Intervenção do Deputado
Cândido Capela

Situação social no Distrito de Braga

18 de Janeiro de 2001



Senhor Presidente da Assembleia da República,
Senhor Secretário de Estado,
Senhoras e Senhores Deputados:

Desde há anos que de orçamento em orçamento milhões de contos são transferidos para o sector privado da economia, como subsídios à revitalização de alguns sectores da actividade industrial, através da criação, expansão ou modernização de empresas. Os programas sucessivos, apoiados em diagnósticos onde se identificam as áreas estratégicas, subsidiam investimentos corpóreos e incorpóreos considerados vitais para o aumento da produtividade, a eficiência energética, a gestão ambiental e qualificação dos recursos humanos, a competitividade.

A indústria têxtil é e foi uma das destinatárias e beneficiárias desse esforço colectivo repartido pelas empresas e pelo Estado, numa tentativa de ultrapassar constrangimentos e evitar a morte prognosticada por tecnocratas apressados.

A prova de vida do sector têxtil e do vestuário está na balança comercial: as exportações de produtos têxteis continua a evidenciar um peso relativo que não pode ser ignorado. Não se confirmaram os vaticínios mais pessimistas.

A reestruturação e modernização do sector, por outro lado, é uma realidade ainda que àquem do desejado. A confirmá-lo estão as restrições (alguns dirão penalizações) contidas no POE, nos sistemas de incentivos SIPIE e SIME, que ao não majorar os projectos localizados no Vale do Ave, sub-região de quase mono indústria têxtil, indiciam da parte do Governo a intenção de ser mais exigente, mais selectivo, naturalmente por considerar que se atingiu um grau razoável de modernização.

Resta, para uma avaliação de alguns dos principais propósitos dos programas, apurar a evolução de outros indicadores, como, por exemplo, a qualificação profissional, as condições de trabalho e a questão salarial. Porque, convém recordar, também foi no pressuposto de ganhos futuros que os trabalhadores aceitaram participar no tal esforço colectivo, primeiro na qualidade de assalariados das empresas envolvidas, depois como contribuintes.

Em resumo, pode dizer-se sem receio de desmentido que face aos dados disponíveis que o esforço cumpriu parte fundamental das metas previstas, e nesta apreciação positiva convergem as opiniões mais variadas, desde associações empresariais a organizações de trabalhadores e ministérios.

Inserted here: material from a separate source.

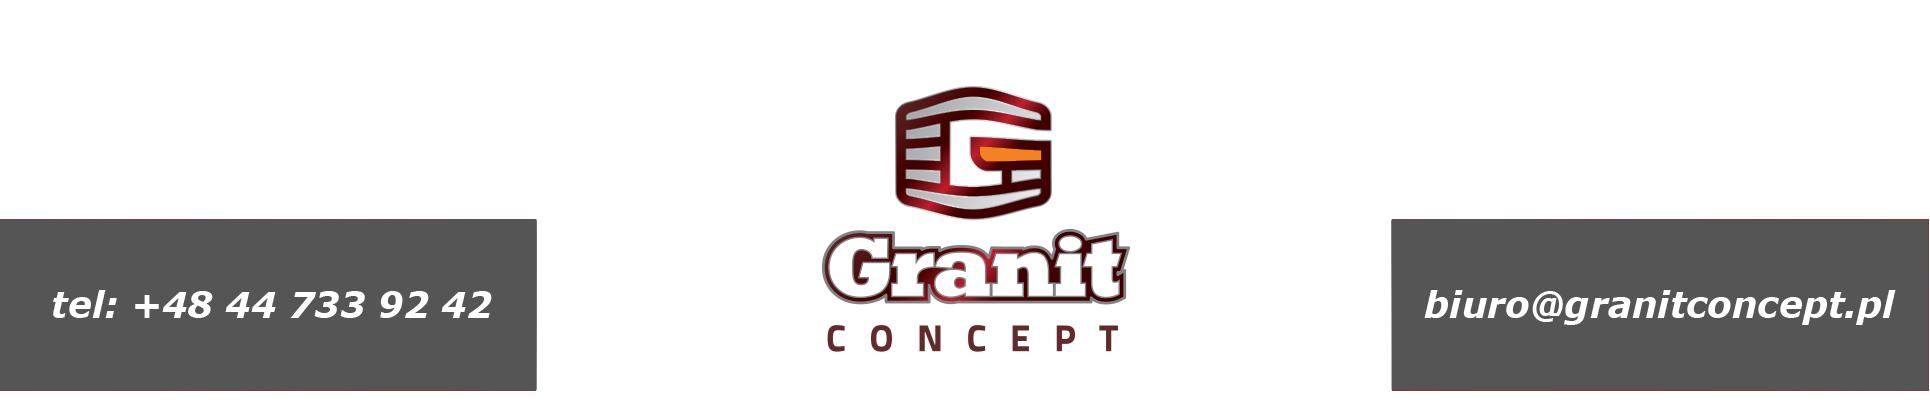 Granit Concept - Treppen-, Platten-, Granitfensterproduzentbretter. Verkaufsführer von Granit. Granit Piotrków Trybunalski

No que não haverá consenso é na repartição dos resultados.

A greve a desencadear pelos trabalhadores têxteis e do vestuário é antes do mais a expressão pública de um descontentamento e a revolta pela recusa de parte do patronato de minimizar os custos da operação de modernização.

A parte do patronato que aposta nos baixos salários, nos elevados rítmos de trabalho como alternativa à introdução de novas tecnologias, faz prevalecer a sua lógica conservadora, a sua visão passadista que sustenta a viabilidade das empresas na máxima exploração dos trabalhadores, enquanto no parque de estacionamento exibe as máquinas do último modelo.

Mas a greve é também um sinal de alarme para o Governo, pelos fundamentos da recusa das negociações directas. Se depois de tanto subsídio o sector não suporta um salário médio superior ao salário mínimo nacional, então é caso para dizer que alguns dos objectivos propostos não foram alcançados, é sintoma de desvio entre o previsto e o realizado que tem de ser esclarecido devidamente.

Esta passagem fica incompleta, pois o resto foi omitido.